Изменить размер шрифта - +

Нет! Вероятно, и даже наверно, я читал «Мужики» Чехова, но тогда своей неспелой душой не мог принять унылый тон чеховского рассказа.

Наверно, и рассказы мои восторженные о природе исходили от той же неспелой души. И если теперь в арифметической своей глубокой старости я пишу, как говорят, все лучше и лучше, то, значит, душа моя поспевает, — молодая душа моей матери в старых годах.

 

А что, если я не один, а вся основная мужицкая масса русского народа состоит из неспелых душ, и этой же неспелостью души строится и вырастает будущее?

Чехов, любя, как русский человек, неспелые души мужиков, изображал их на фоне уныния интеллигентного человека, тогда как я очищаю их от грязи и сливаю в одно с природой, как все мы делаем то же с самой природой ранней весной: природа лежит вся в грязи, а мы уже чуем запах молодой коры и сквозь ветви неодетого леса видим небесную бирюзу.

 

Политик, увидев коня искусства, думает о том, как бы запрячь его в телегу с его политическим грузом.

 

Разговор начался с того, что зима теплая и «снег выпал только в январе на третье в ночь». Уверенность в том, что так это и было, что поэзия тяготеет к законам природы.

Какой-то астроном доказывает, что астрономические данные в поэзии Пушкина в точности соответствуют фактам. И один ботаник, глядя на этого астронома, доказал, что так и в ботанике и что одно дерево, которого теперь нет (в Бессарабии), при Пушкине было.

Только, по-моему, учет внешних событий в поэзии происходит автономно, без особого нарочитого внимания, обнажающего факт как-нибудь астрономически или ботанически: при обнажении получается натурализм и неизбежно связанные с ним ошибки в поэзии. Так что поэзия должна быть непременно свободной, и на своем свободном пути она неминуемо тяготеет к фактам, как тяготеет внимание едущего по дороге к верстовым столбам.

 

Поэт актерит, музыкально декламируя свои стихи среди нескольких десятков обманутых звуками слушателей. Разошлись слушатели — и звук разошелся в народе, как дождевая капля расходится в море. Тогда только слово поэта будет действительно волнующим словом, если он умертвит его для себя и сделает знаком, способным в каждом вызывать свое собственное слово.

Итак, поэт, не верь никому, — кроме Музы своей, и пусть она поможет живые слова твои заключать в семена, прорастающие в душах неведомых тебе лично людей.

 

Человек должен быть непременно твердым, а то злые любят мягких, добрых и делают их своими костылями. Так и надо помнить, что настоящее зло хромое и ходит всегда на костылях Добродетели.

 

А сегодня день зацвел еще лучше прежнего, В эту ночь недаром мне снилось, будто я какую-то чудесную простую русскую песенку пою и все вокруг меня радуются. Такие сны только в детстве бывают, потому что такое видеть можно только с невозможной для взрослого чистой совестью.

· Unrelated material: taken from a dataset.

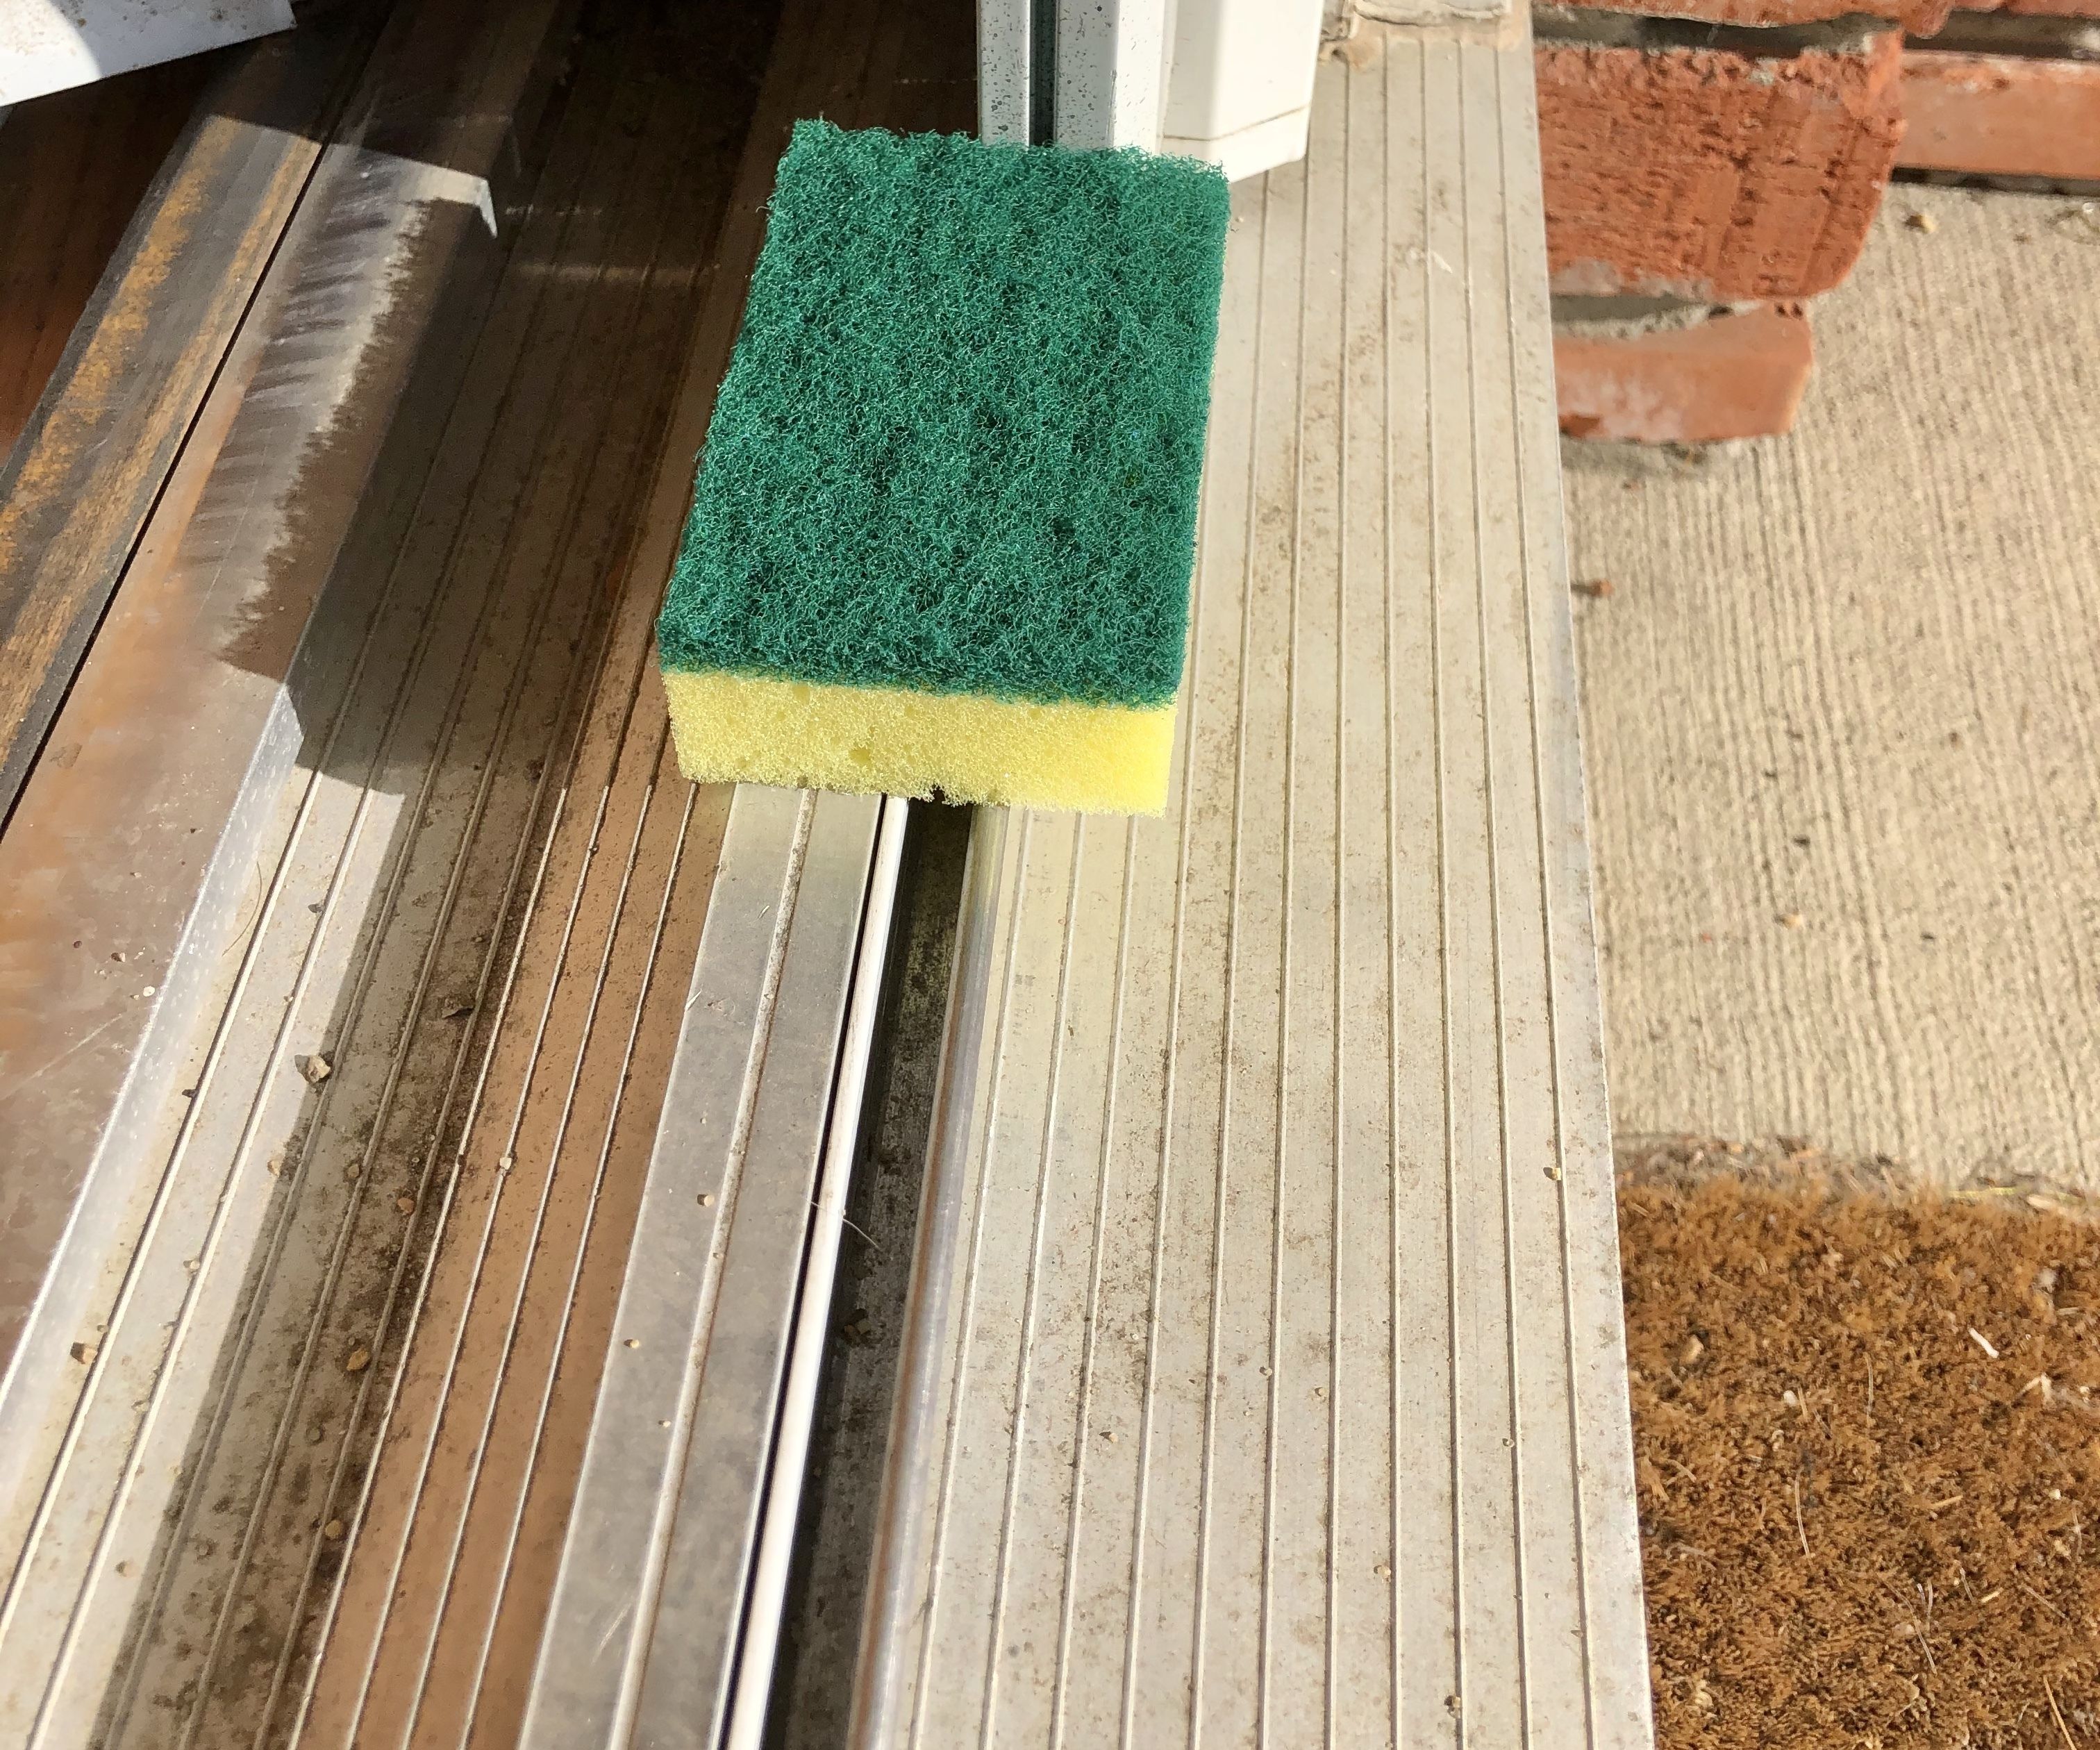 Hack for Cleaning Inside Sliding Window and Door Tracks

Но тут, конечно, не во мне был этот кристалл, а вне меня: невозможно прекрасный день так во мне реализовался. Верю или хочу верить, что когда-нибудь случится в мире такое прекрасное, явится оно таким несомненным, что мертвые встанут и запоют, как я в свои семьдесят шесть лет запел во сне в эту ночь.

Как это хорошо написать о том, что дело песни решила не моя чистая совесть, а самая красота этого дня. Можно думать, что чувство совершенства или гармонии, необходимое для творчества, есть состояние души творца, его поведение. Но нет! Человек, исполненный этого счастья, не может отнести его к себе, столь несовершенному существу.

В этом-то и есть поведение труженика, творца жизни человеческой, что он утверждает прекрасную реальность, вне себя самого находящуюся.

 

Как рождается творческое или родственное внимание, открывающее всегда что-то новое? Думая над этим всю жизнь, я сейчас только заметил, что этому вниманию всегда предшествует мгновение гармонического спокойствия, родственное тому душевному спокойствию, которое появляется, когда у себя в комнате и на письменном столе приберешь все и каждая вещь станет на свое место.